Cette allure de croissance peut-elle durer au cours des prochains trimestres ?  C’est la grande question. Il n’y aura pas d’impulsion en provenance des partenaires économiques de la France. La dynamique industrielle de l’Allemagne s’est dégradée très vite ces derniers mois et va être pénalisante. L’Italie est en récession et ne va pas en sortir rapidement. Le Royaume uni entre dans la zone de turbulence associée au Brexit. Les gains d’exportations liés à de grosses livraisons de matériels de transports ne se renouvelleront pas et de ce fait le commerce extérieur français risque de retrouver une contribution négative. Cela apparaît d’autant plus probable que la demande domestique française, via la consommation et les mesures évoquées plus haut, sera en opposition de cycle par rapport à nos voisins. Cela devrait favoriser les importations et renforcer la contribution négative du commerce extérieur. En outre, en raison des premiers effets des mesures Trump sur le commerce mondial (et asiatique en particulier) on ne peut pas spontanément attendre là aussi un changement de tendance rapide. Le risque est plutôt celui d’un ralentissement supplémentaire des échanges qui pénaliserait tout le monde.

La grande inconnue sera l’investissement des entreprises. Celui-ci dépend toujours et d’abord de la demande anticipée (effet dit d’accélérateur) et ne se réalise complètement que si les conditions financières le permettent. La demande globale adressée aux entreprises va se maintenir à un niveau bas. Les entreprises ne devraient donc pas se précipiter pour accroître leurs dépenses en capital même si les conditions financières sont très favorables. En effet, le double effet CICE-baisse de charges va doper le taux de marge des entreprises. Celui ci reviendra, en 2019, à un niveau très proche de ses plus hauts historiques. Sera-ce suffisant pour créer un boom de l’investissement ? Les entreprises semblent y croire comme le montre l’enquête sur l’investissement dans l’industrie de janvier. Les dépenses des entreprises devraient augmenter de 10% en 2019 après avoir été stables en 2018. Le détail de l’enquête suggère une forte hausse de la demande interne et externe, ce qui me parait être très excessif.

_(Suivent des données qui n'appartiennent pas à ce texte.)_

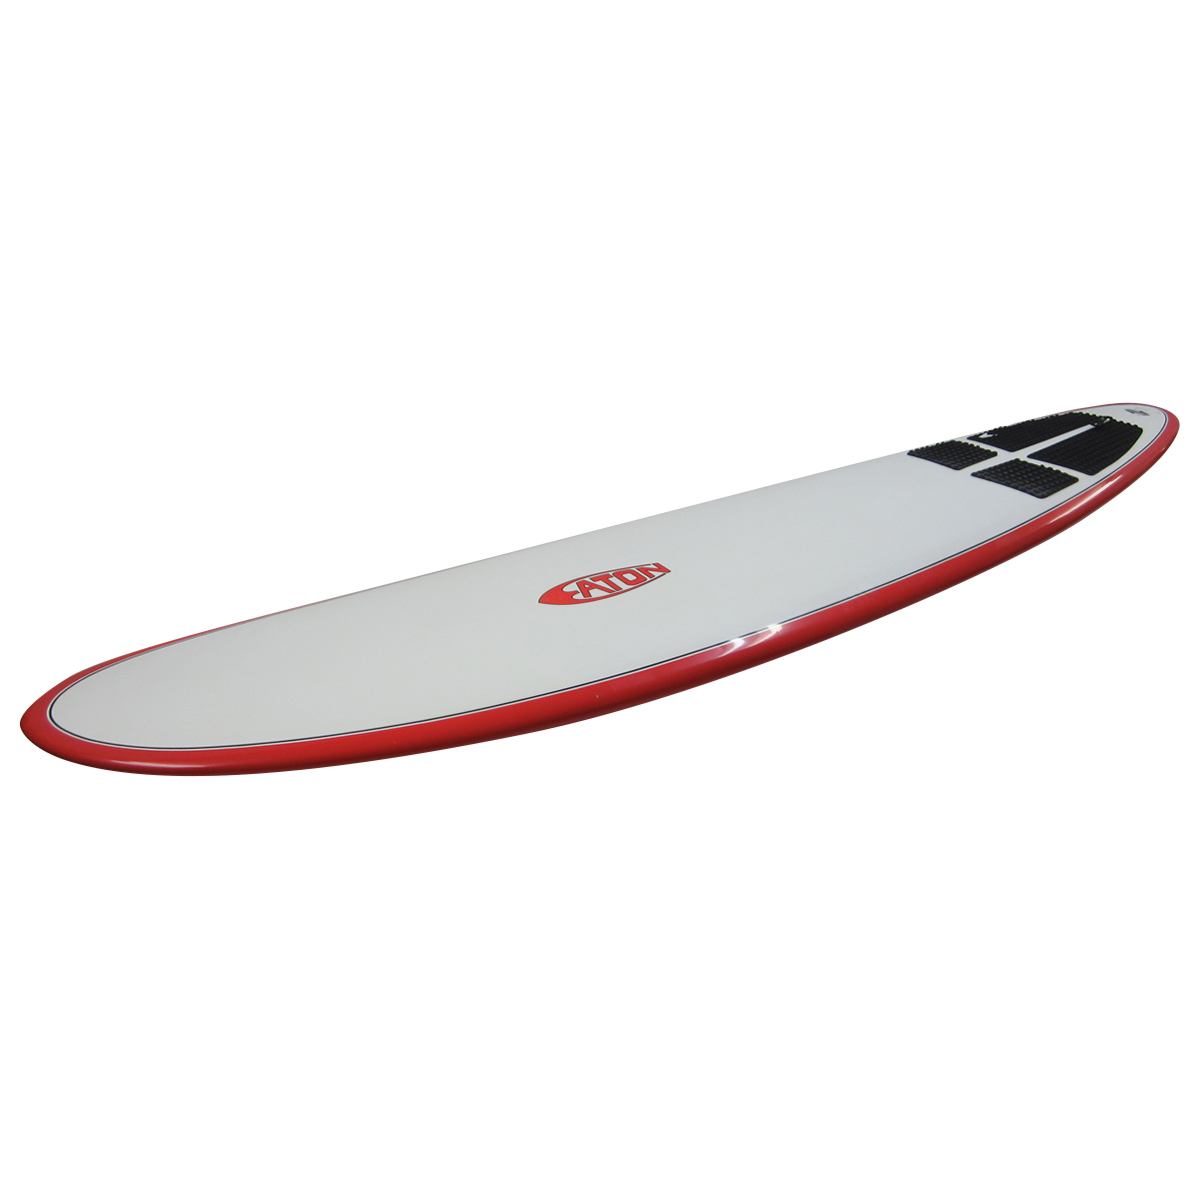 EATON SURFBOARDS / 9`0 Eaton Classic Bonzer Boardworks

J’ai du mal à anticiper une reprise de l’investissement si la croissance et l’environnement économique sont peu dynamiques. En effet, si la situation reste incertaine, la hausse des dépenses en capital ne sera pas efficace et c’est pour cela que le chef d’entreprise préférera reporter ses dépenses en capital.

En d’autres termes, le chiffre de croissance sera plus proche de 0.3% que de 0.4% dans les prochains mois.